The three maps listed here are from two different series, for Kent and London, and so the sheetlines are somewhat different.
The Kent series maps are centred on the village - and later town - centre of Beckenham. The earliest map was surveyed in 1861 but was updated to 1871 to include railways. Features include Coperscope, Beckenham station (still with an overall roof), and the map stretches as far as New Beckenham Junction to the north. Westward the map stretches to the boundary with Penge, eastward it reaches Foxgrove. This is an attractive map of Beckenham as development was just beginning. The companion map showing it in 1930 provides a fascinating illustration of how the village developed into a town. The map links up with Kent Sheets 7.14 Anerley & Penge to the west and 7.16 Bromley to the east. You might find this Index map useful.

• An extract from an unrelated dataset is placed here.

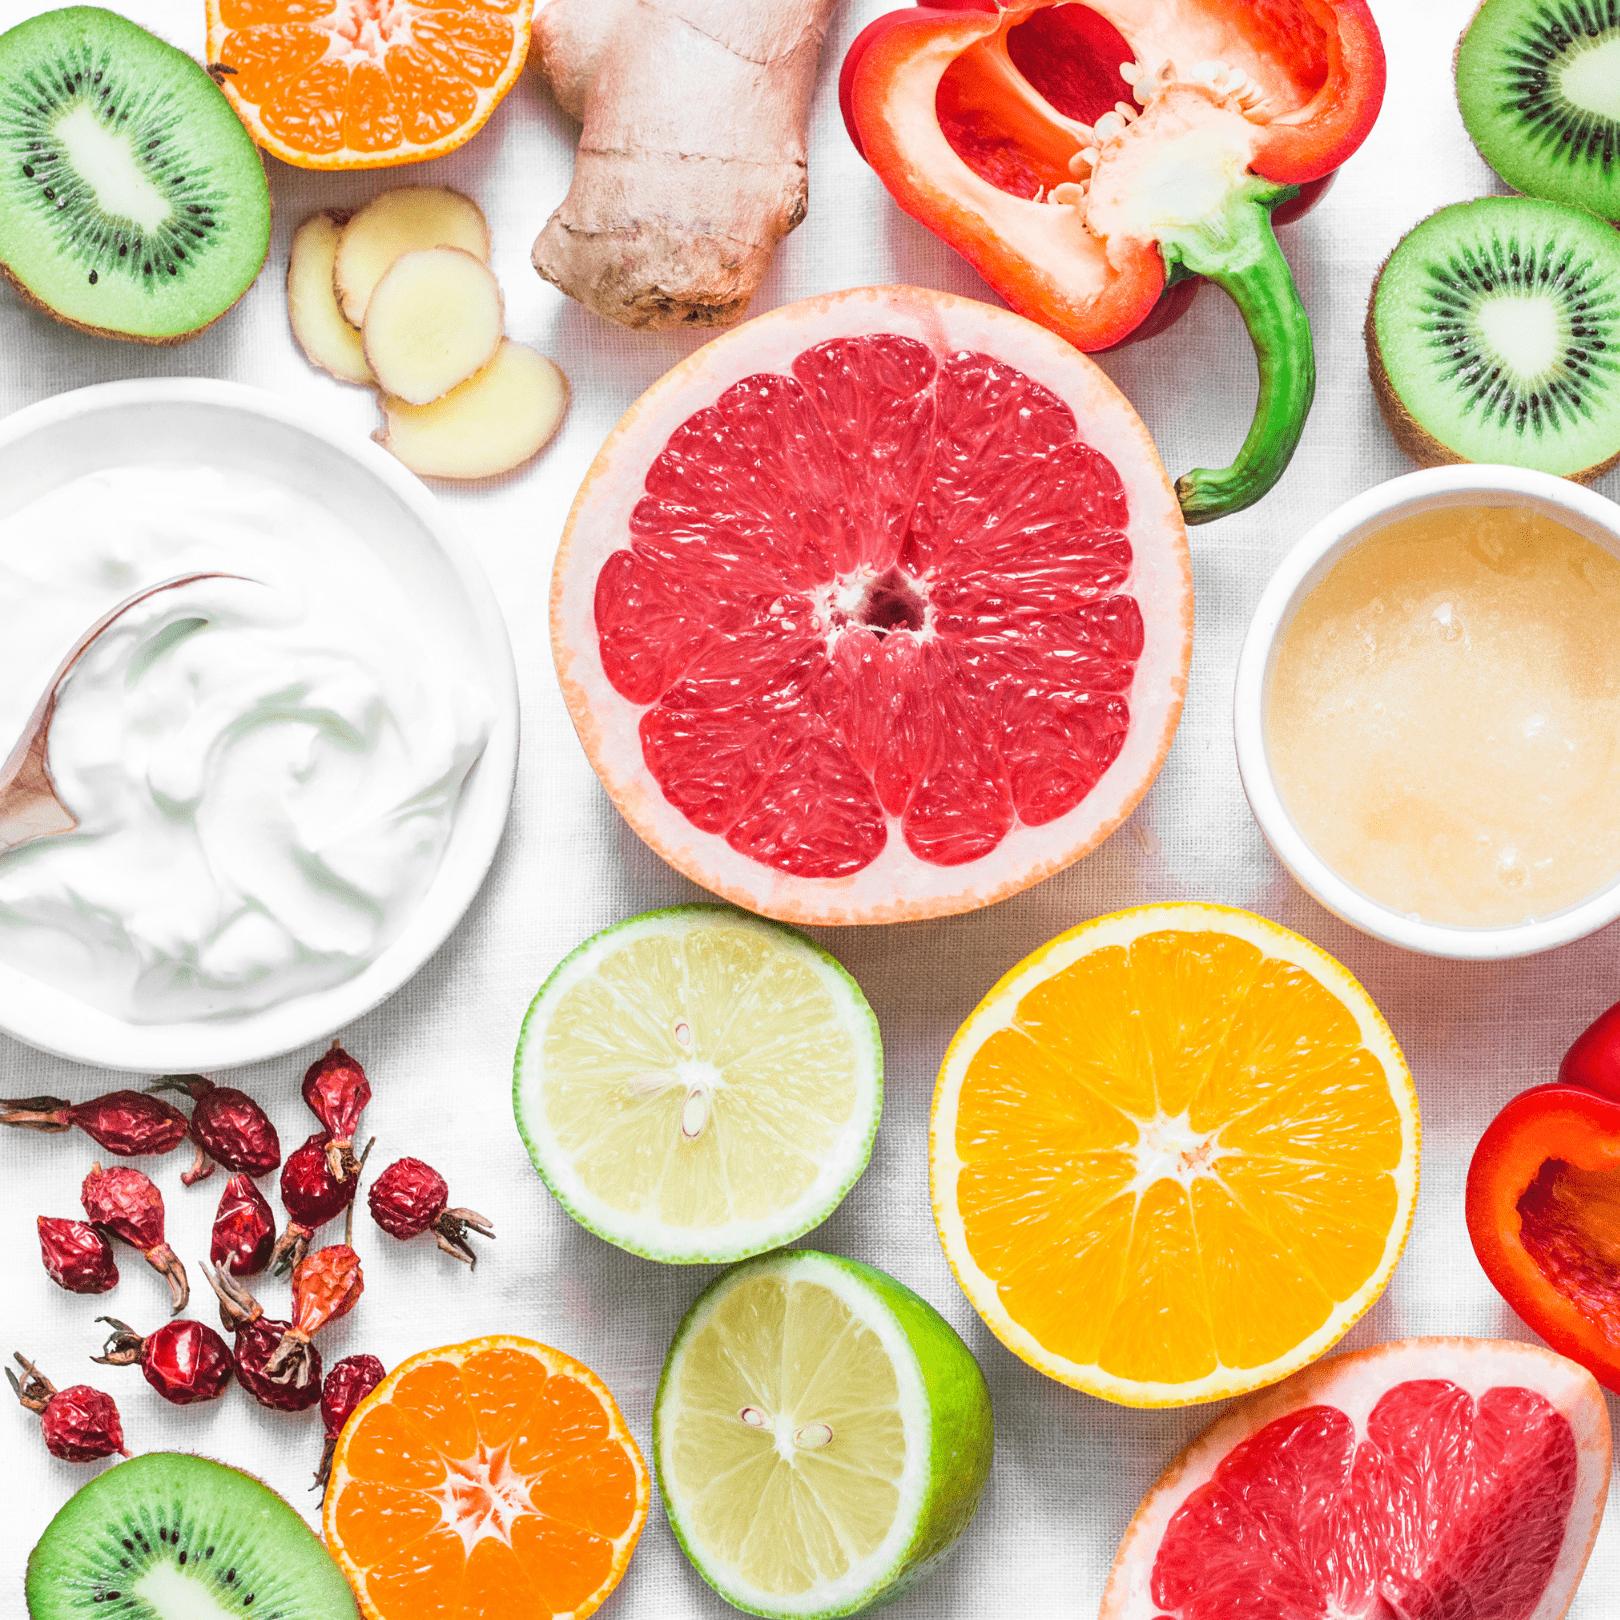 La dieta per rafforzare il sistema immunitario

The sheetlines for the 1894 map are slightly different and is really centred on New Beckenham. Coverage stretches from Penge station eastward to Beckenham Junction station, and southward to Clock House station. The town centre of Beckenham is therefore in the lower right corner of this map. By 1894 Beckenham had grown into a town and this map is much more built up than the 1861 version. Features include the railway layout, with Kent House and New Beckenham stations, the eastern part of Penge, Kent House Farm, St George's church, St Paul's church, Holy Trinity, St John's Penge church, the Royal Asylum almshouses at Penge. Streets include part of Beckenham High St, Coperscope Road, Lennard Road, Ravenscroft Road, Parish Lane, Beckenham Road and many more.
The map links up with London Sheets 138 Lower Sydenham to the north, 145 Crystal Palace to the west and 147 Bromley Park to th east.